Defense Media Network

SURFMEPP

Life cycle management for the surface Navy

With President Ronald Reagan’s concept of a 600-ship fleet now cut in half a quarter century later – and expected to remain closer to the 300 level for at least the next few decades – the U.S. Navy has significantly increased efforts to keep its existing and few new ships in peak operating condition, even beyond their original intended lifespans.

Key to that is the Surface Maintenance Engineering Planning Program (SURFMEPP), stood up under Naval Sea Systems Command (NAVSEA) in November 2010 to provide enhanced life cycle maintenance engineering for surface ships. It replaced the then only 18-month-old Surface Ship Life Cycle Management (SSLCM) program to better address increasing life cycle maintenance goals and requirements.

“The fleet review panel, stood up by Fleet Forces Command and CINCPACFLEET [commander in chief Pacific Fleet], recognized we were on the right path and endorsed a further expansion of the function,” Rear Adm. James McManamon, deputy commander-Surface Warfare (SEA 21) Naval Sea Systems Command, said. “We hadn’t gone that far in the past due to budget concerns, but with that endorsement we were able to move out literally within months to create a new agreement on the size, scope, and funding of our life cycle activity, which became SURFMEPP.

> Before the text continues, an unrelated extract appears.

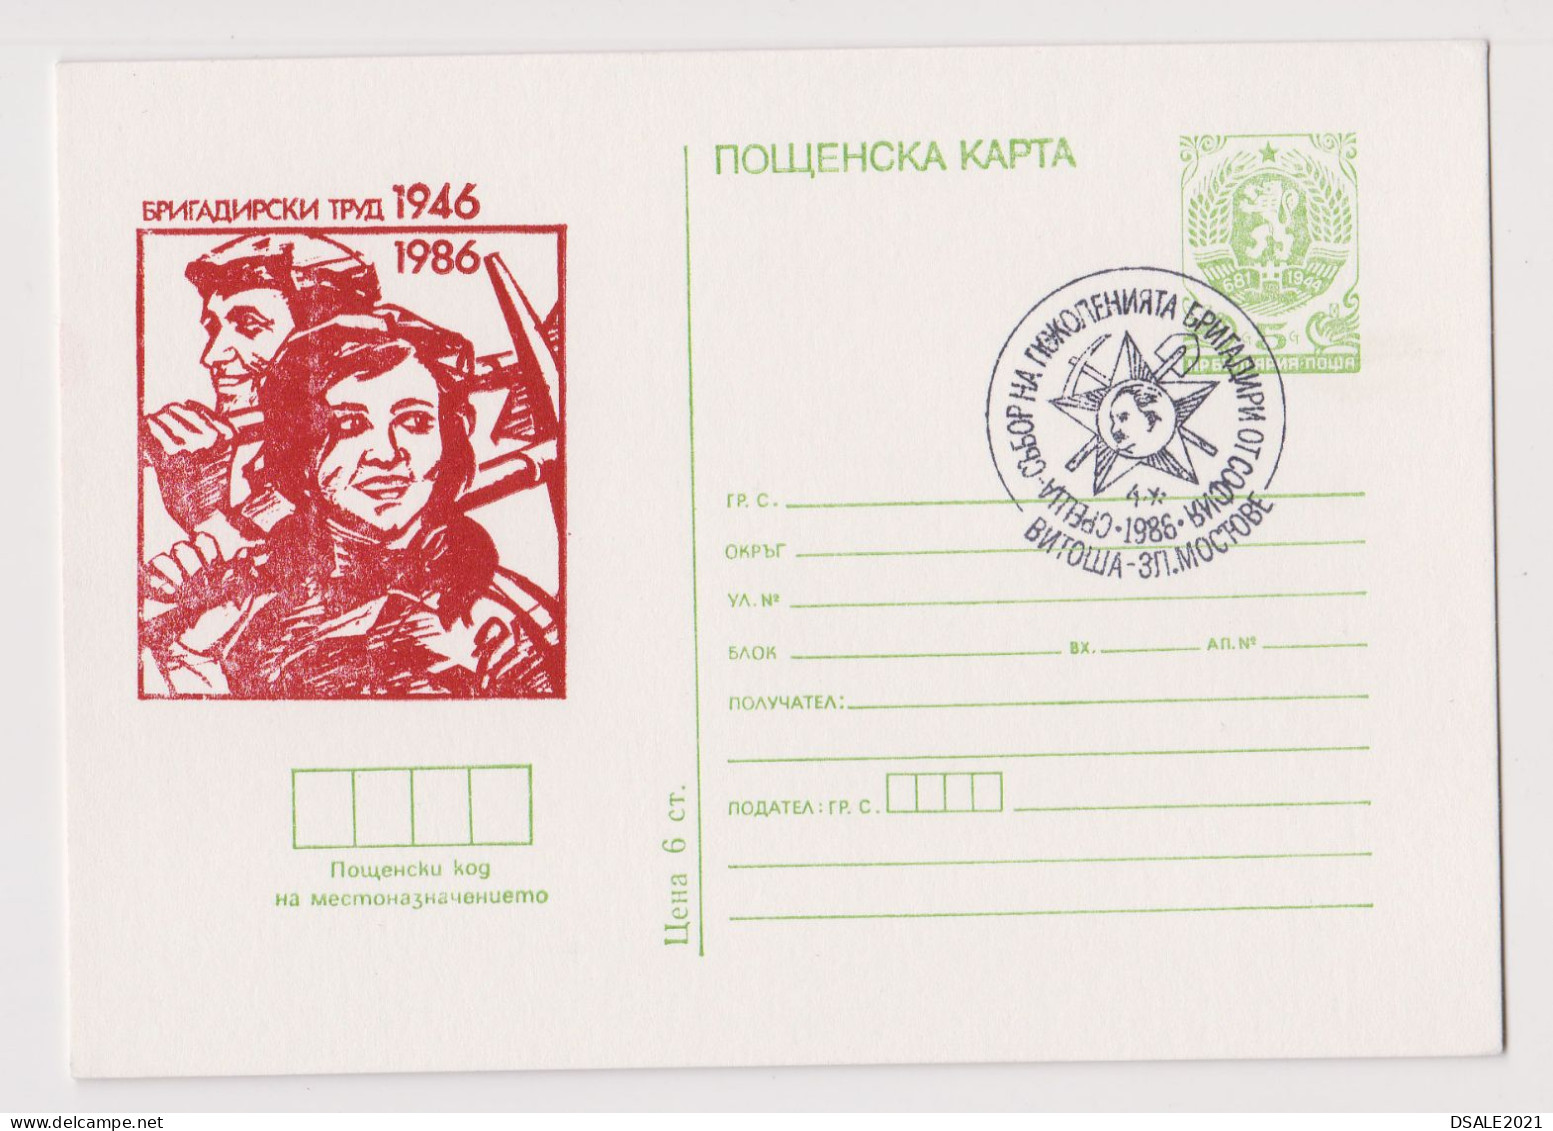 Bulgaria Bulgarie Bulgarien 1986 Postal Stationery Card, Ganzsachen, Entier, 1946 Bulgarian Youth Brigade Movement 67498 - Postkaarten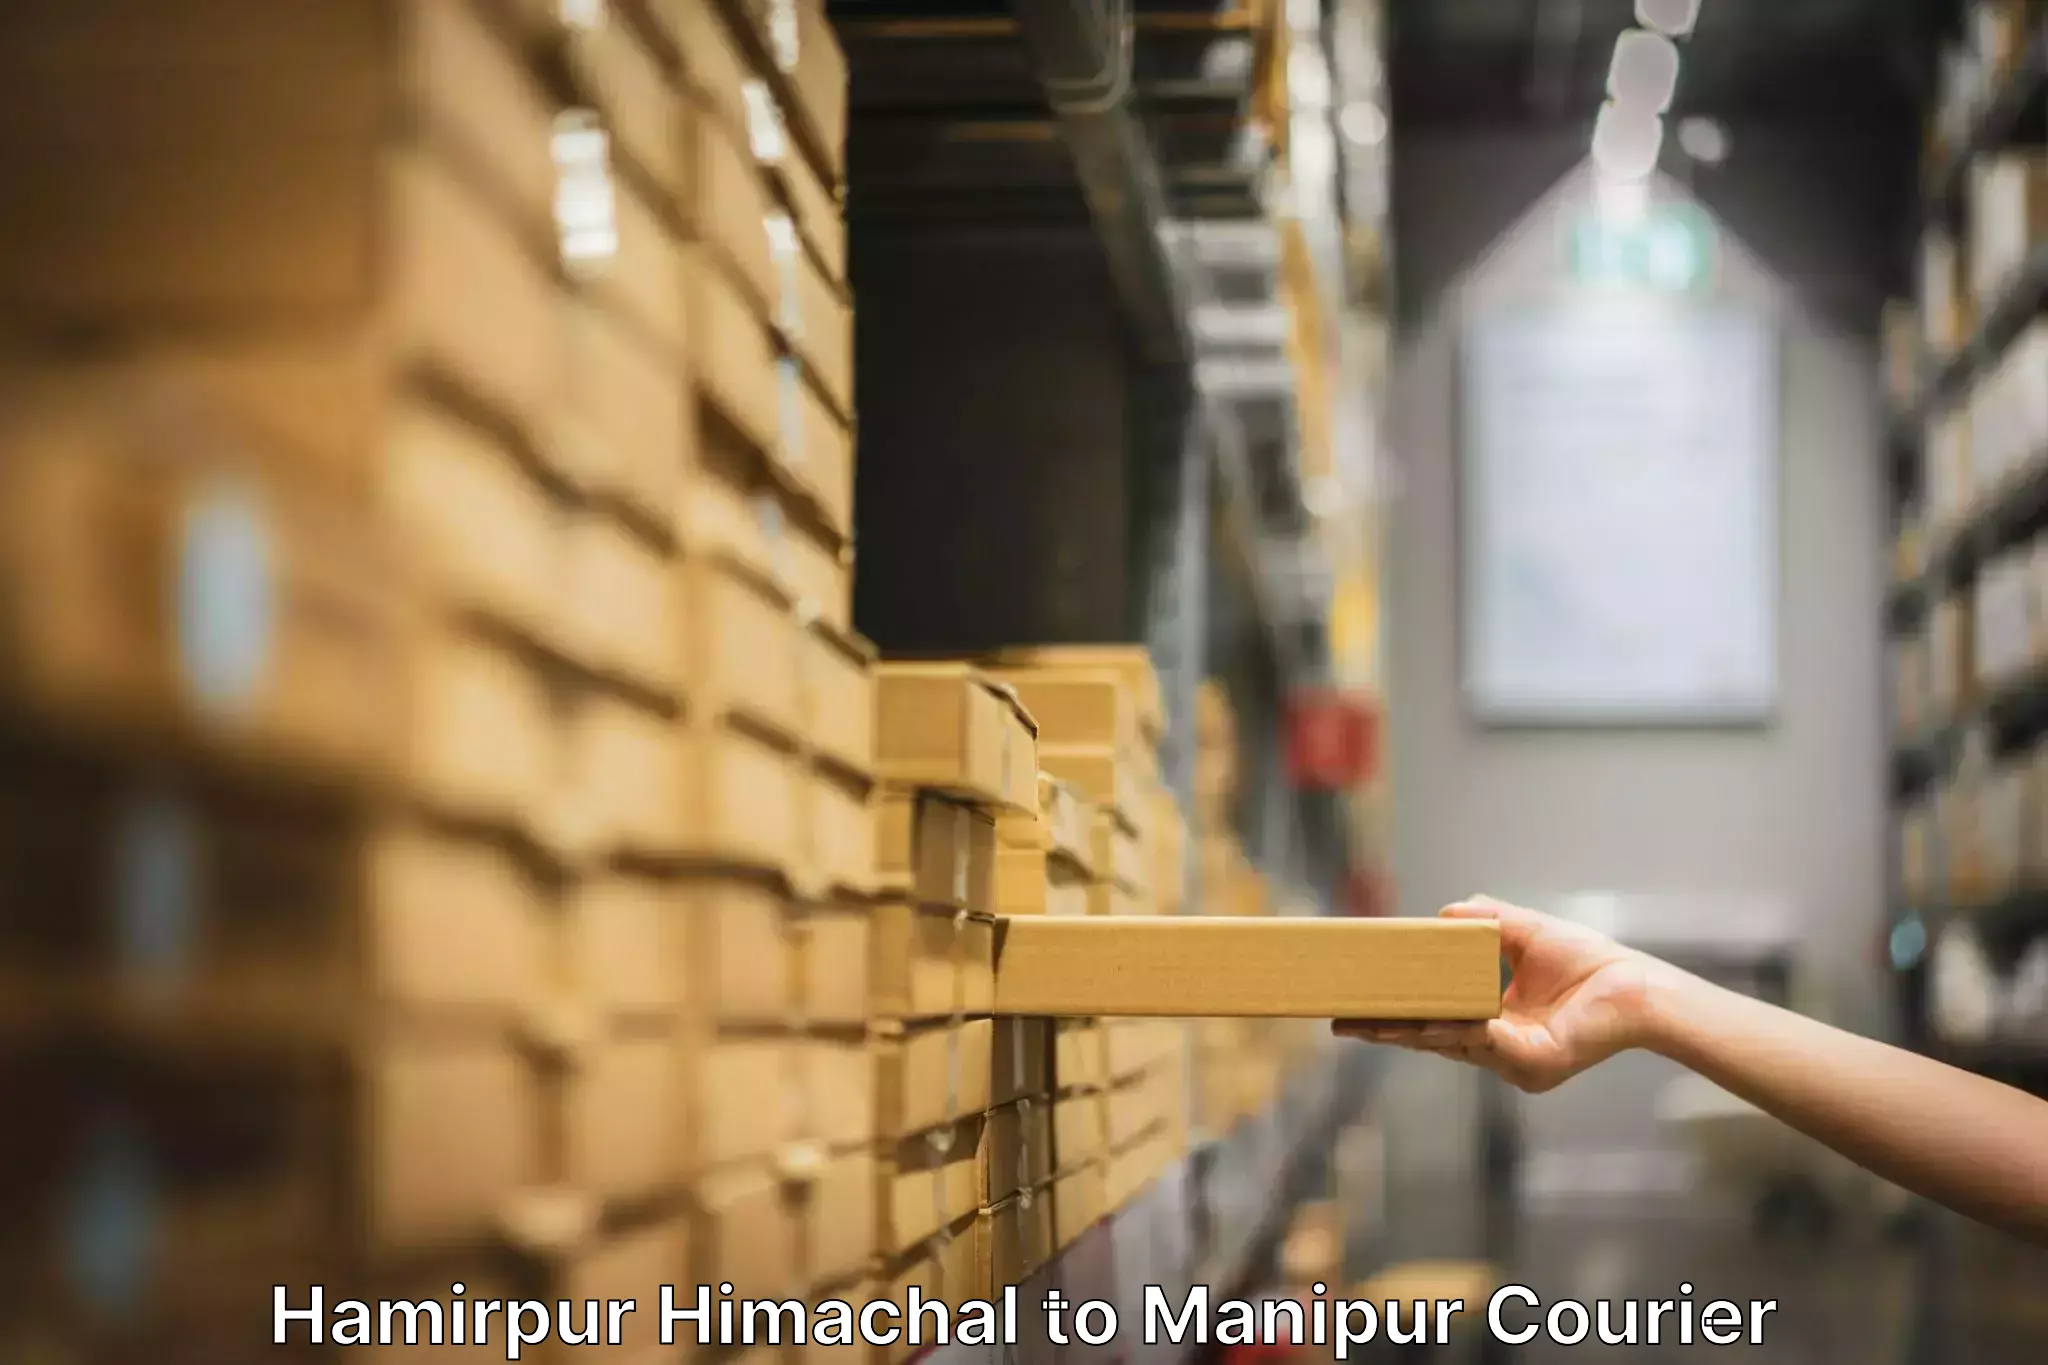 Furniture moving experts Hamirpur Himachal to Chandel

“SURFMEPP represents an evolutionary step from SSLCM in delivering a comprehensive assessment and sustainment infrastructure for the surface fleet. The transition from SSLCM to SURFMEPP recognizes the vital and significant revolution that has happened in how the Navy views the importance of surface ship maintenance. We are improving the communication between NAVSEA and fleet operators regarding ship maintenance and modernization.”

SURFMEPP was modeled after the U.S. Navy Submarine Maintenance Engineering Planning and Procurement Activity (SUBMEPP) and the Carrier Planning Activity (CPA), which is separate from SURFMEPP, even though both address components of the surface fleet.

“We felt there were some proven practices and processes – although there obviously are some differences – and we have been working very closely with SUBMEPP and CPA in terms of products, processes, and tools, to the point where they provided personnel to help us as we set up our processes,” McManamon said. “We executed the products they produced, such as technical foundation papers for the budgeting process, using them to help jumpstart this.”

When SSLCM was stood up in May 2009, the focus was on the technical rigor involved in integrating a class maintenance plan, corrosion control, and an increased ability to produce technical foundation papers for each surface ship class.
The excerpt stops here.